For more details, see:
https://code.launchpad.net/~cjwatson/launchpad/+git/launchpad/+merge/420258

I added the issuing and verification logic in 163146dfdb, but we need to actually send the resulting credentials to builders as well.
-- 
Your team Launchpad code reviewers is requested to review the proposed merge of ~cjwatson/launchpad:cibuild-use-macaroons into launchpad:master.
diff --git a/lib/lp/code/model/cibuildbehaviour.py b/lib/lp/code/model/cibuildbehaviour.py
index 35fe231..4d3e641 100644
--- a/lib/lp/code/model/cibuildbehaviour.py
+++ b/lib/lp/code/model/cibuildbehaviour.py
@@ -23,6 +23,9 @@ from lp.buildmaster.model.buildfarmjobbehaviour import (
     )
 from lp.code.enums import RevisionStatusResult
 from lp.code.interfaces.cibuild import ICIBuild
+from lp.code.interfaces.codehosting import LAUNCHPAD_SERVICES
+from lp.services.config import config
+from lp.services.twistedsupport import cancel_on_timeout
 from lp.soyuz.adapters.archivedependencies import (
     get_sources_list_for_building,
     )
@@ -60,6 +63,13 @@ class CIBuildBehaviour(BuilderProxyMixin, BuildFarmJobBehaviourBase):
             raise CannotBuild(
                 "Missing chroot for %s" % build.distro_arch_series.displayname)
 
+    def issueMacaroon(self):
+        """See `IBuildFarmJobBehaviour`."""

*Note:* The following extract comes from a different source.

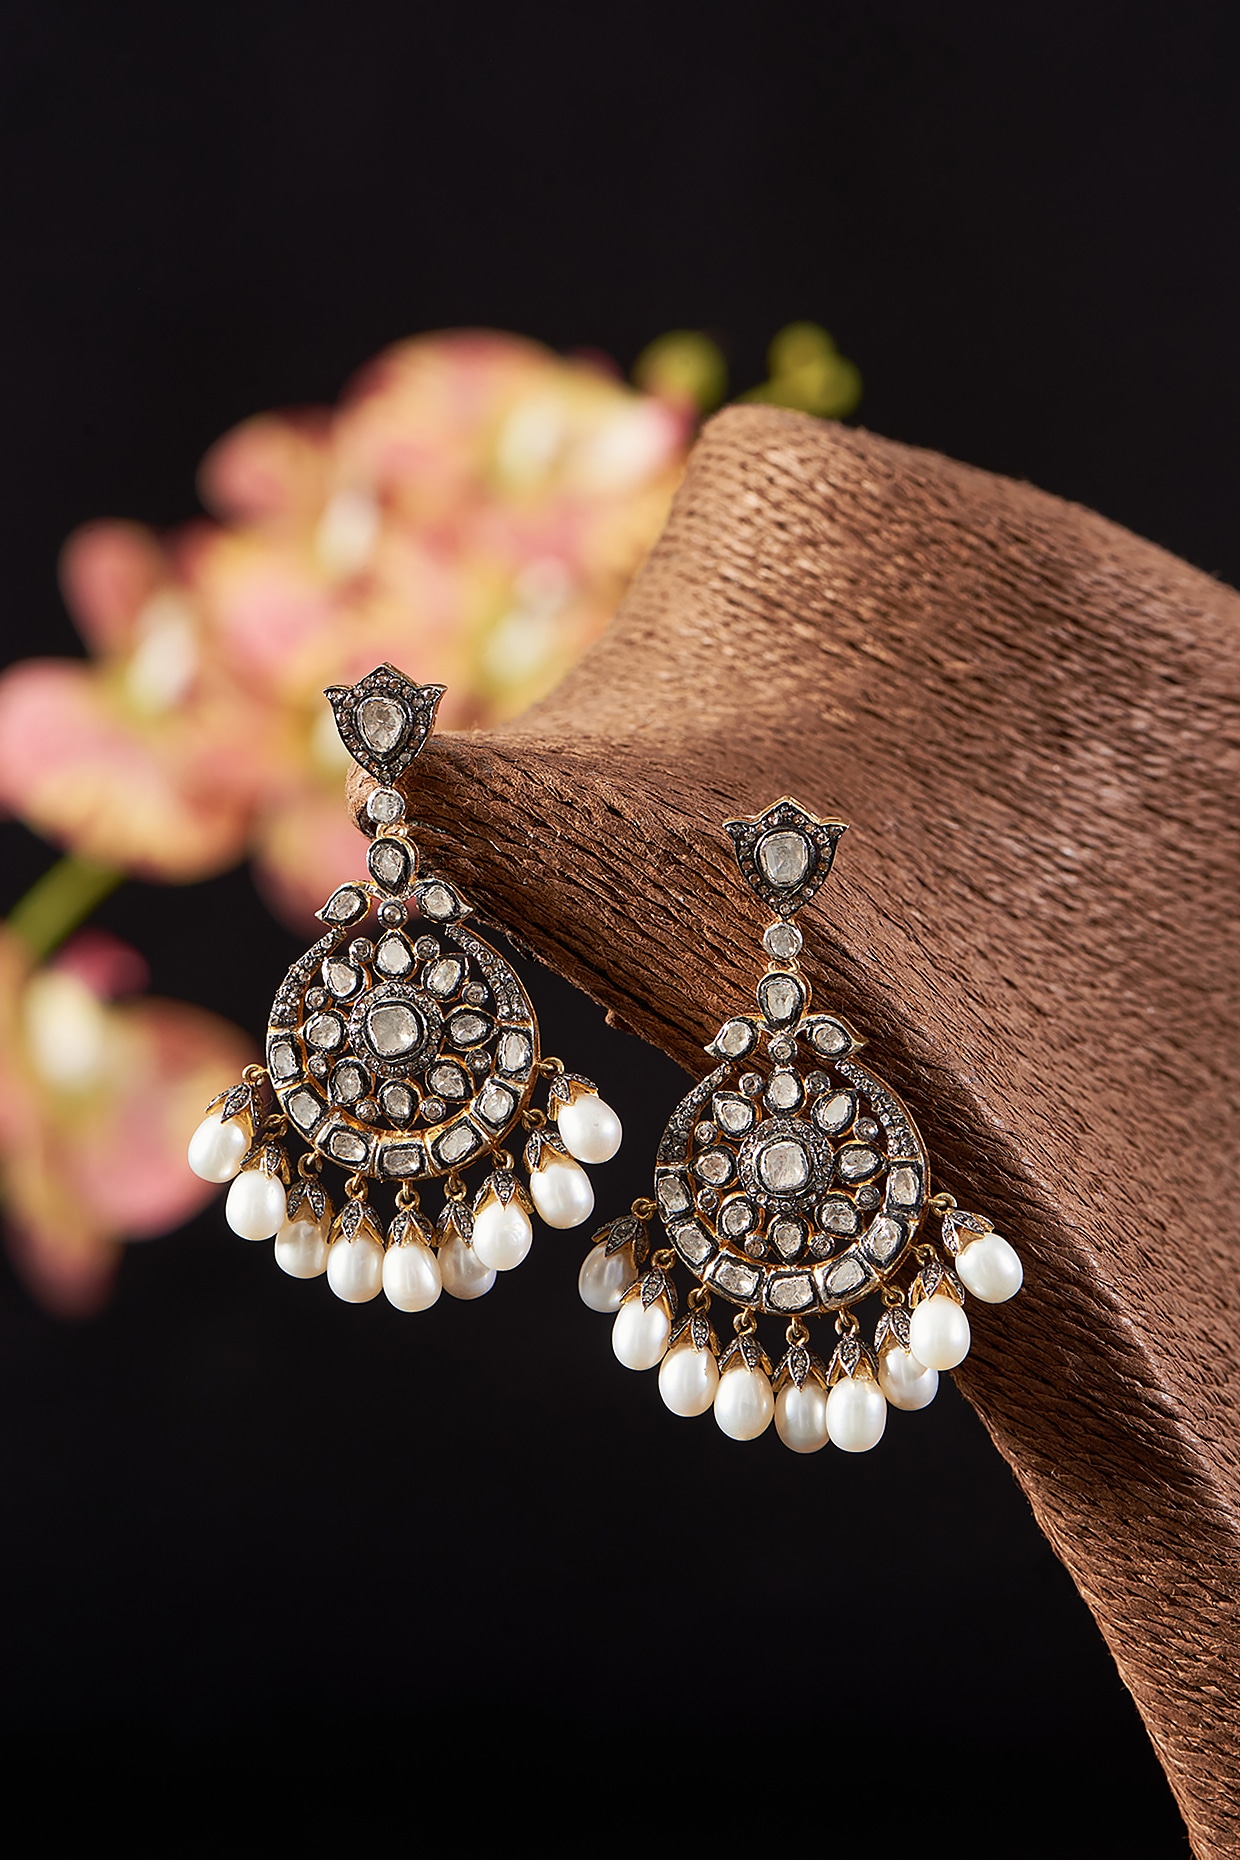 Love Kundan Jewellery? Buy it like a Pro! - Tarinika India

+        return cancel_on_timeout(
+            self._authserver.callRemote(
+                "issueMacaroon", "ci-build", "CIBuild", self.build.id),
+            config.builddmaster.authentication_timeout)
+
     @defer.inlineCallbacks
     def extraBuildArgs(self, logger=None):
         """Return extra builder arguments for this build."""
@@ -75,7 +85,13 @@ class CIBuildBehaviour(BuilderProxyMixin, BuildFarmJobBehaviourBase):
             yield get_sources_list_for_building(
                 self, build.distro_arch_series, None, logger=logger))
         args["jobs"] = removeSecurityProxy(build.stages)
-        args["git_repository"] = build.git_repository.git_https_url
+        if build.git_repository.private:
+            macaroon_raw = yield self.issueMacaroon()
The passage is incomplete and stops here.